Martha Argerich playing is like fast and furious sex on a piano. Sometimes it can be too much (I think her Tchaikovsky and Rach 3 concertos are much too fast, particularly) but other times it can be just amazing to listen to.


----------



## Guest

She is a bit of a thumper at times Re the Beethoven Violin sonatas with Gidon Kremer how ever if she sticks at it she could well make a name for herself


----------



## Sid James

Haven't heard much Argerich, except for her interesting recent recording with Nelson Freire in Salzburg (on radio). I have yet to get a recording by her, maybe that will be the one, or her first one in the 1960's which I saw recently. She's one of the few artists I can think of who has this mystique surrounding her, which compares to former greats like Chopin & Liszt in thier day...


----------



## bplary

I just got her CD, Debut Recital and am particularly enjoying her Liszt Sonata, takes the virtuosity within the sonata to an entirely new level.


----------



## Polednice

bplary said:


> I just got her CD, Debut Recital and am particularly enjoying her Liszt Sonata, takes the virtuosity within the sonata to an entirely new level.


Is that the disc with Brahms rhapsodies on it? If so, I think I have that somewhere... :/


----------



## bplary

Yeah that's the one, it's quite good in my opinion.


----------



## Weston

I have her Schumann Concerto next up in my Netflix que. I can hardly wait.










I have loved her Prokofiev interpretations and I love watching her - she just oozes competence and mystique. But I don't have much Prokofiev to compare her performance to. The Schumann will give me a better idea of her artistry.


----------



## bplary

I have her third Prokofiev concerto as well, although I have to admit that I prefer Ashkenazy's interpretation.


----------



## Polednice

bplary said:


> Yeah that's the one, it's quite good in my opinion.


Yes, I remember really enjoying it when I heard it for the first time. I'm desperate to find it now!


----------



## Lukecash12

danae said:


> People are free not to like ME. But as for my piano playing, they must be daft not to like it, especially my Rachmaninoff, Prokofiev, Schumann and Bartok.
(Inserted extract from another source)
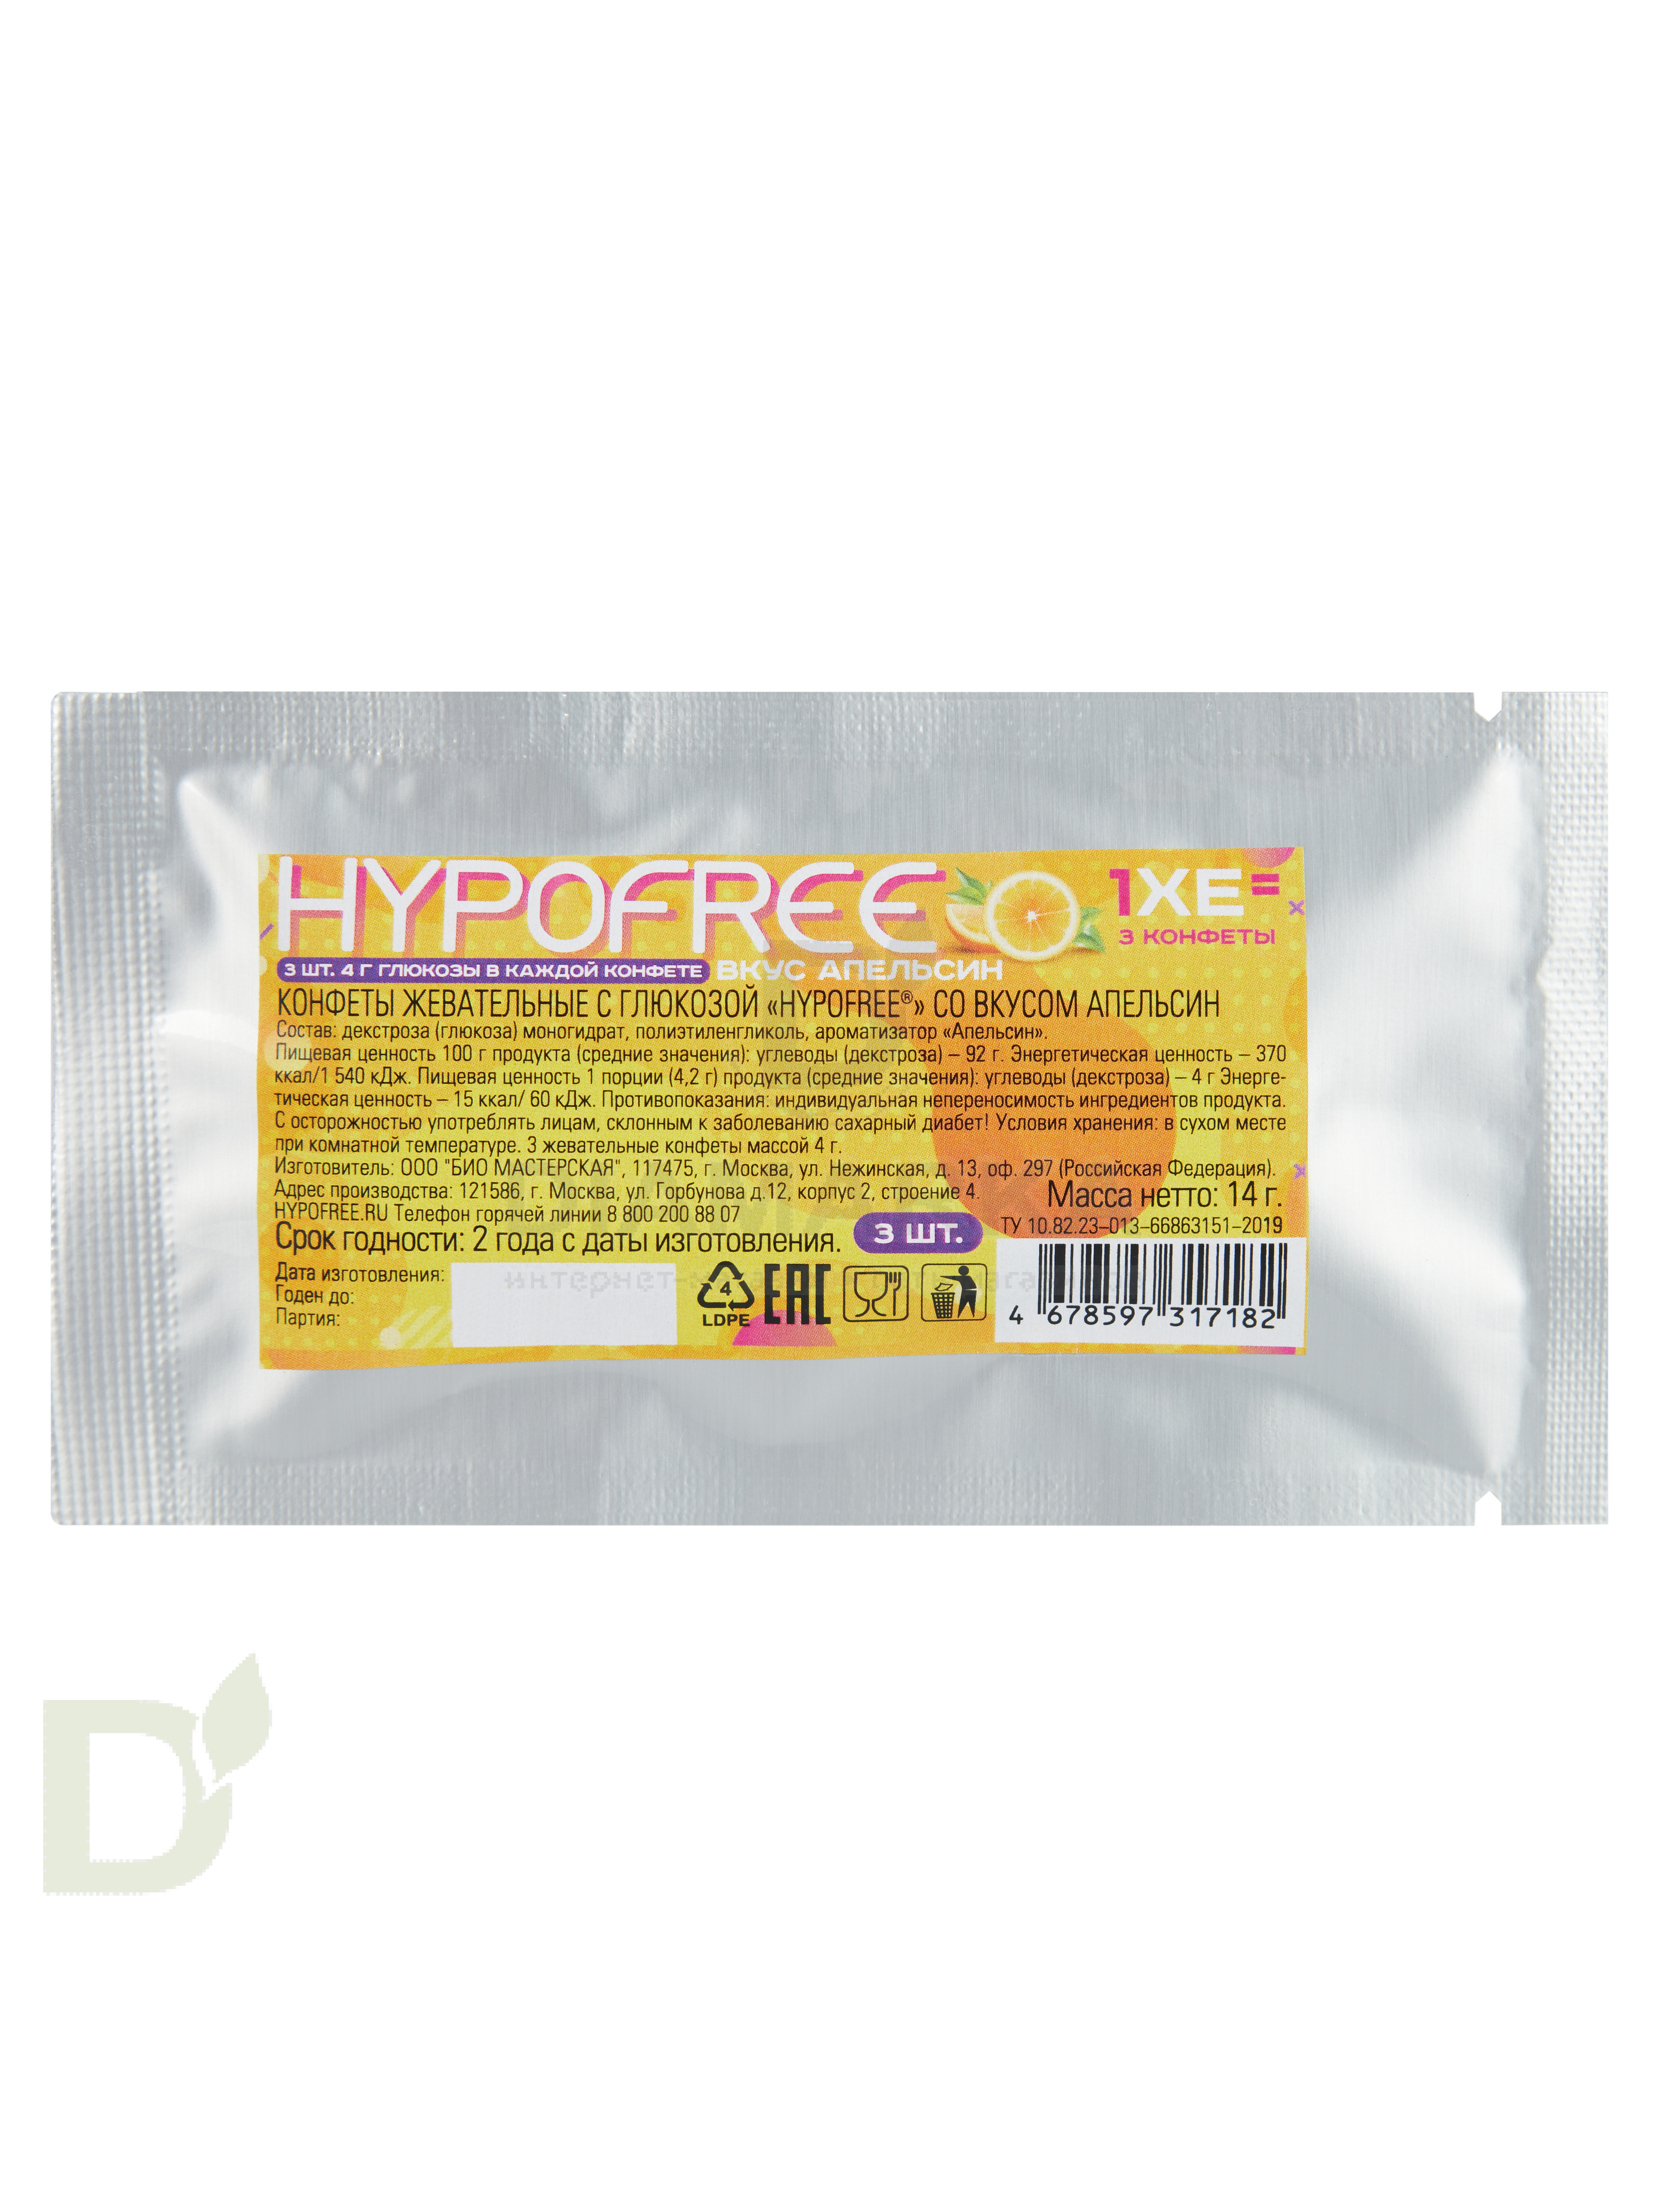 Конфеты таблетированные HYPOFREE 3шт по 4гр Апельсин, саше

Don't forget she's great with Janacek's Folk Dances.


----------



## hankz

Regarding Argerich:

I absolutely love her playing and her Passion!

Hank


----------



## Weston

I am sorry to report that I have not really liked her Schumann concerto. She seems to treat some essential notes as appogiaturas or slurs. This is especially evident to me in the opening melodic phrase of the third movement. To me these notes need to be distinct to reveal the intended brilliance and triumph of the melody - but with this performance they just blur together. I have looked at the IMSLP score and there is no slur indicated.

I guess I grew up hearing Claudio Arrau's version and that became definitive for me. Agerich is still joy to watch and in music I am less familiar with.


----------



## Aramis

I think I'm finnaly going to see her live at inauguration of Chopin Piano Competition... eight months must I wait... and she's not getting younger!


----------



## World Violist

I can't listen to anyone else's Gaspard de la Nuit. I heard it on Youtube and suddenly everyone else's seemed tame. The control over the color in that score was insane.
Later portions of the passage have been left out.